Start the copy at the line holding "1 3mm edelstahlblech" and continue it exactly through the last line of the entries, leaving out pictures and anything else.
START Available records
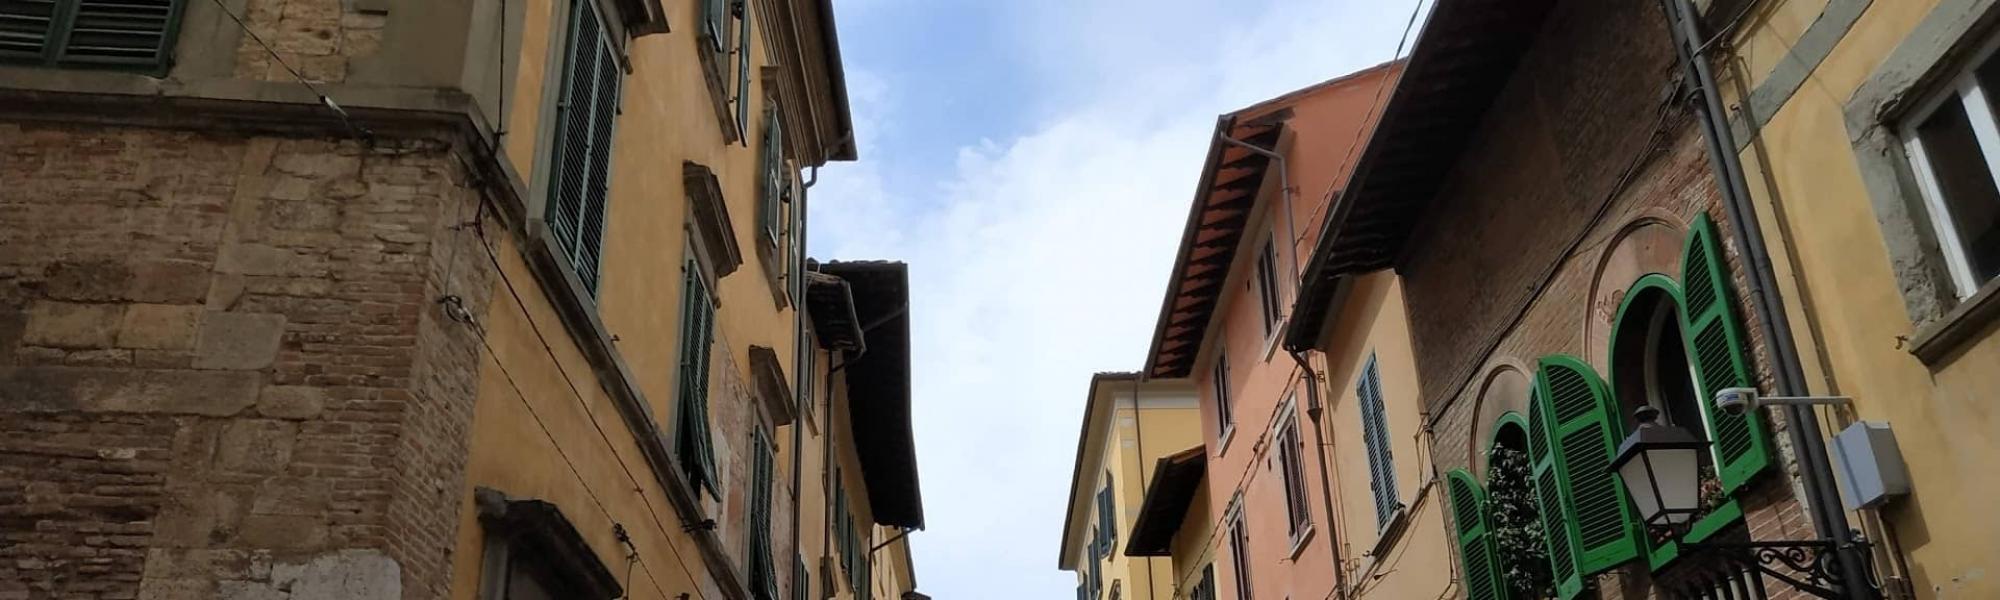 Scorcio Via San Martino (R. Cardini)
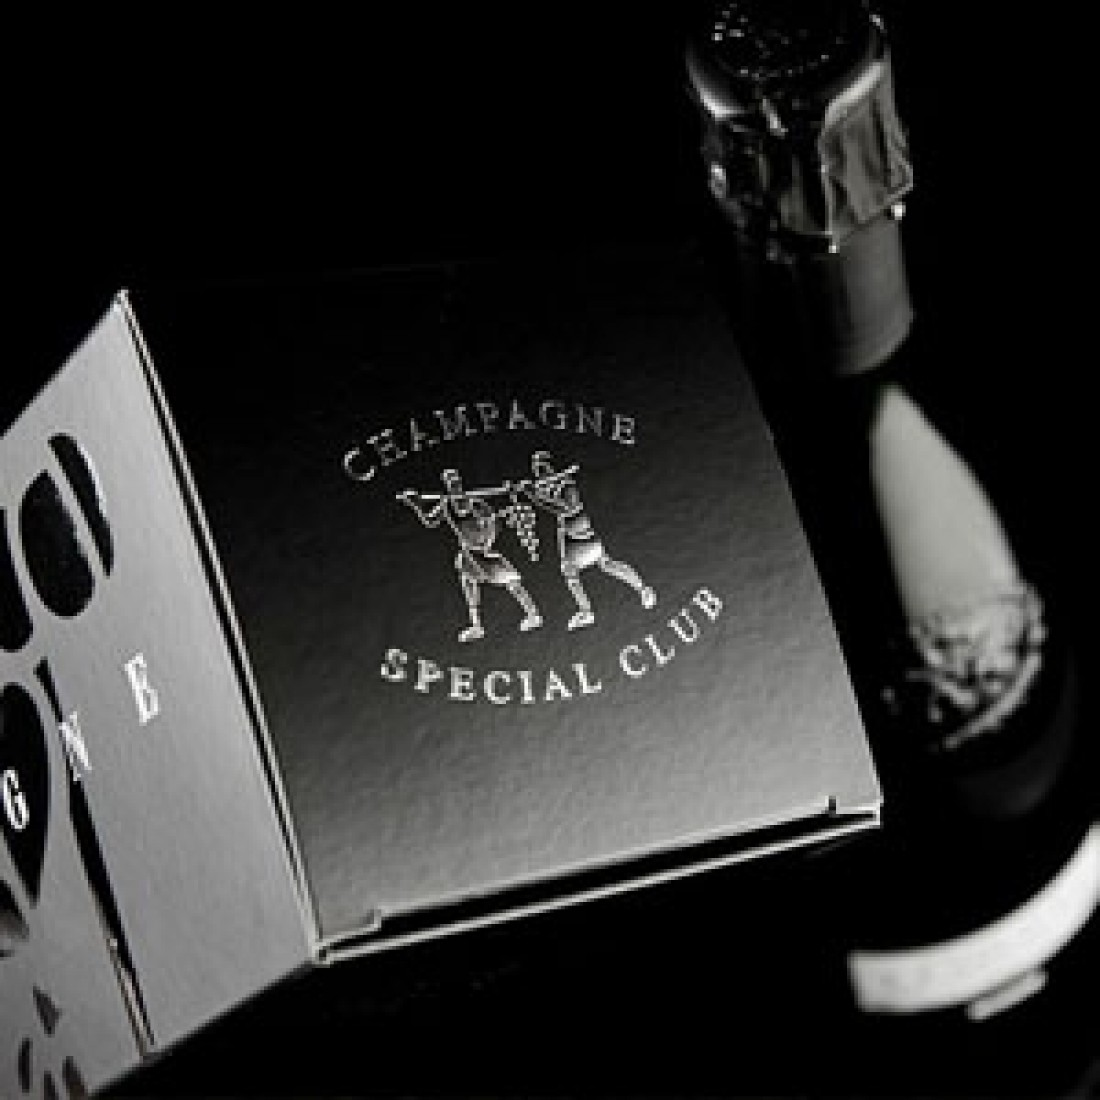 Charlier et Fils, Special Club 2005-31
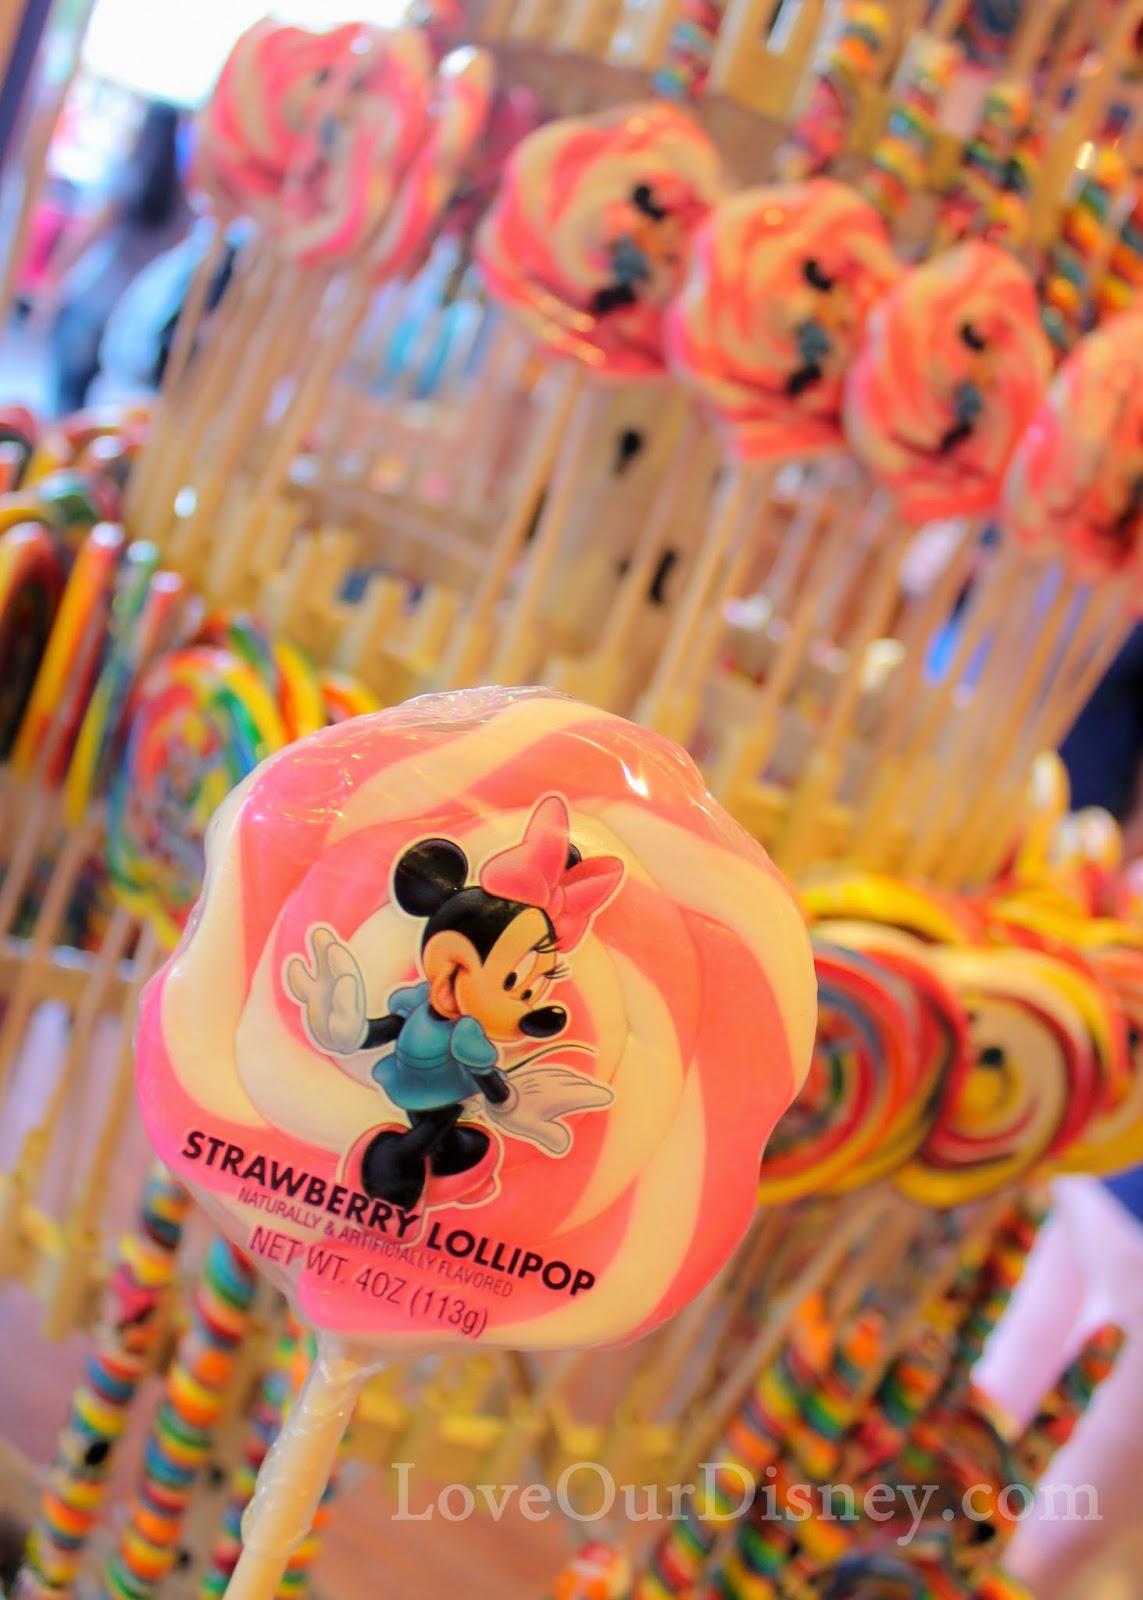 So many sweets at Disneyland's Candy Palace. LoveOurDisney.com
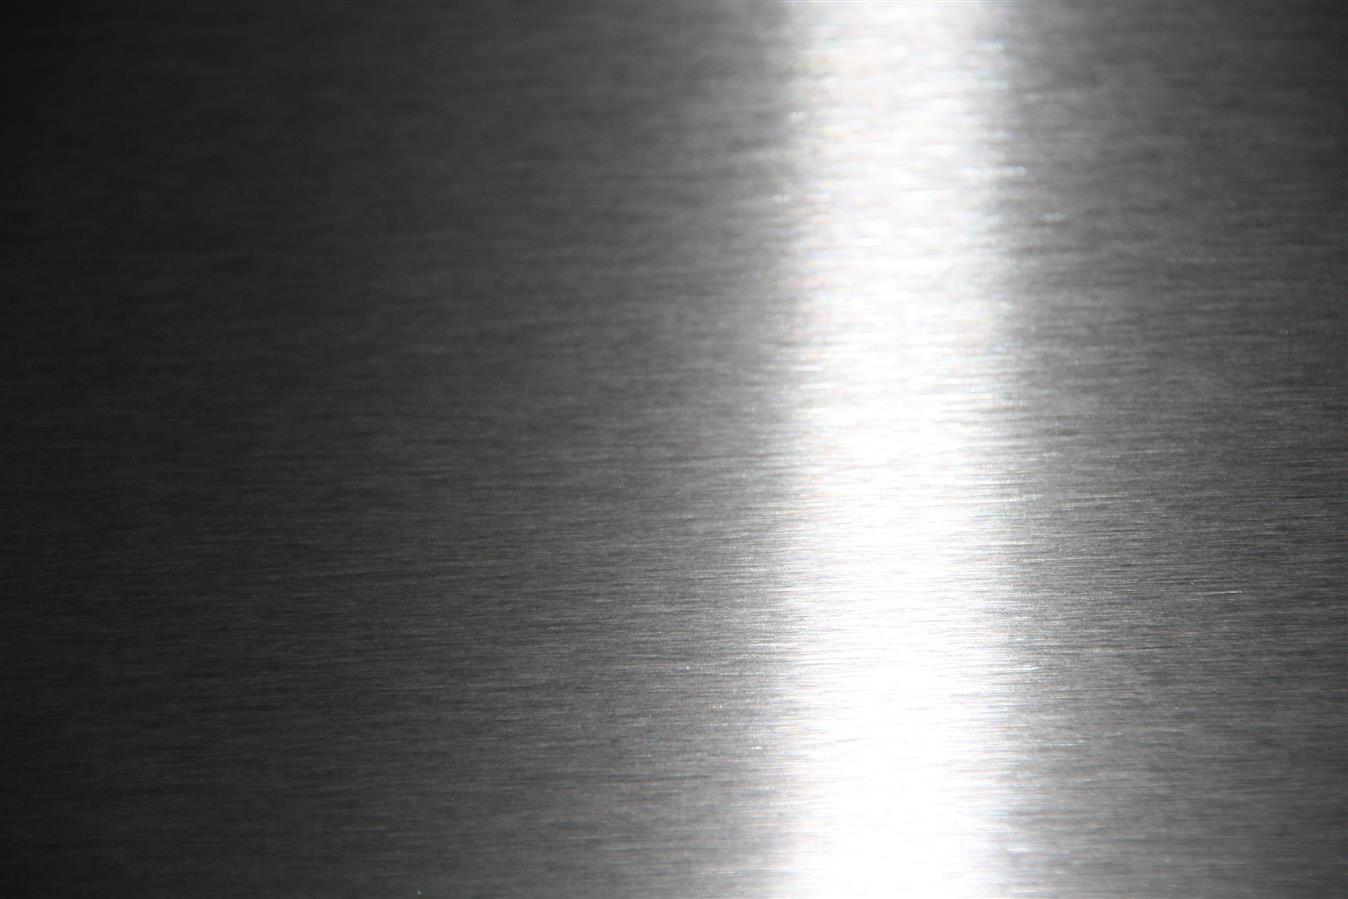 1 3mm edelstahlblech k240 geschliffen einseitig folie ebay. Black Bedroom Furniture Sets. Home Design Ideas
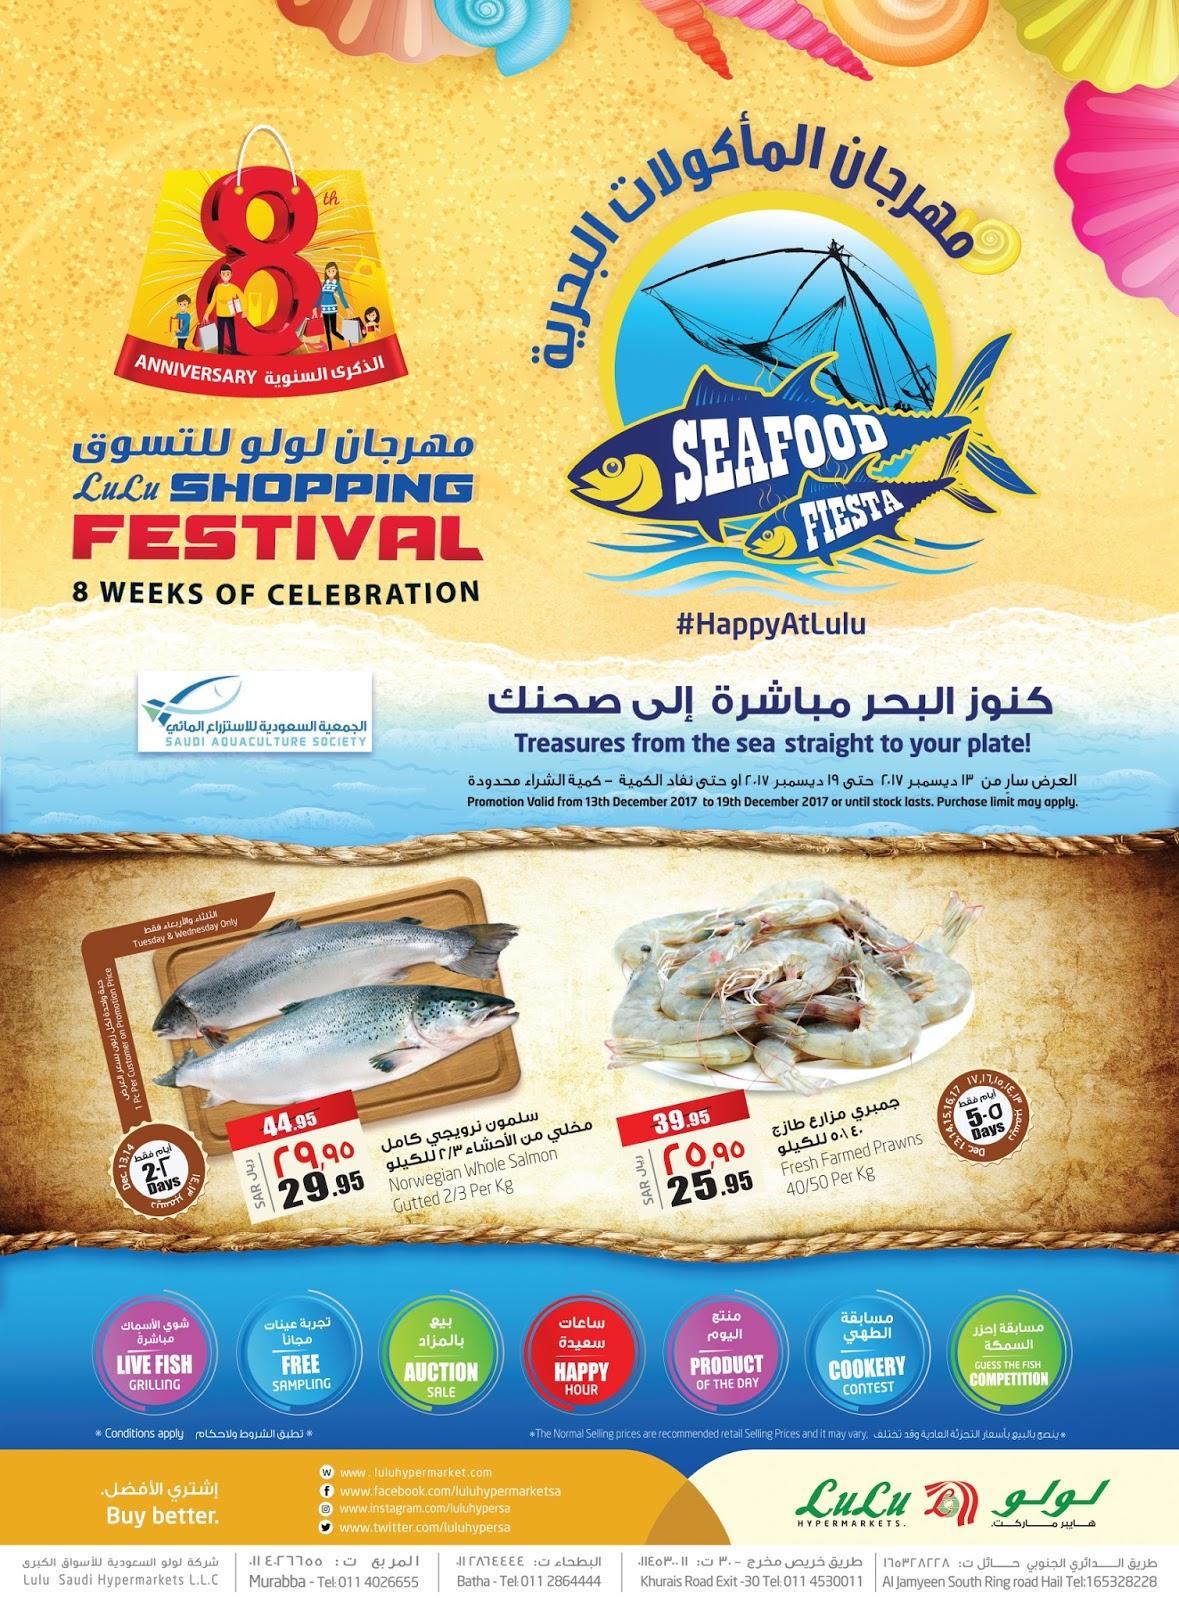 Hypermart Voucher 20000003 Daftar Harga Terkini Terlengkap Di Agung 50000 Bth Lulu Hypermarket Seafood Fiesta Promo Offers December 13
END Available records
* _Task result_:
 1 3mm edelstahlblech k240 geschliffen einseitig folie ebay. Black Bedroom Furniture Sets. Home Design Ideas
 Hypermart Voucher 20000003 Daftar Harga Terkini Terlengkap Di Agung 50000 Bth Lulu Hypermarket Seafood Fiesta Promo Offers December 13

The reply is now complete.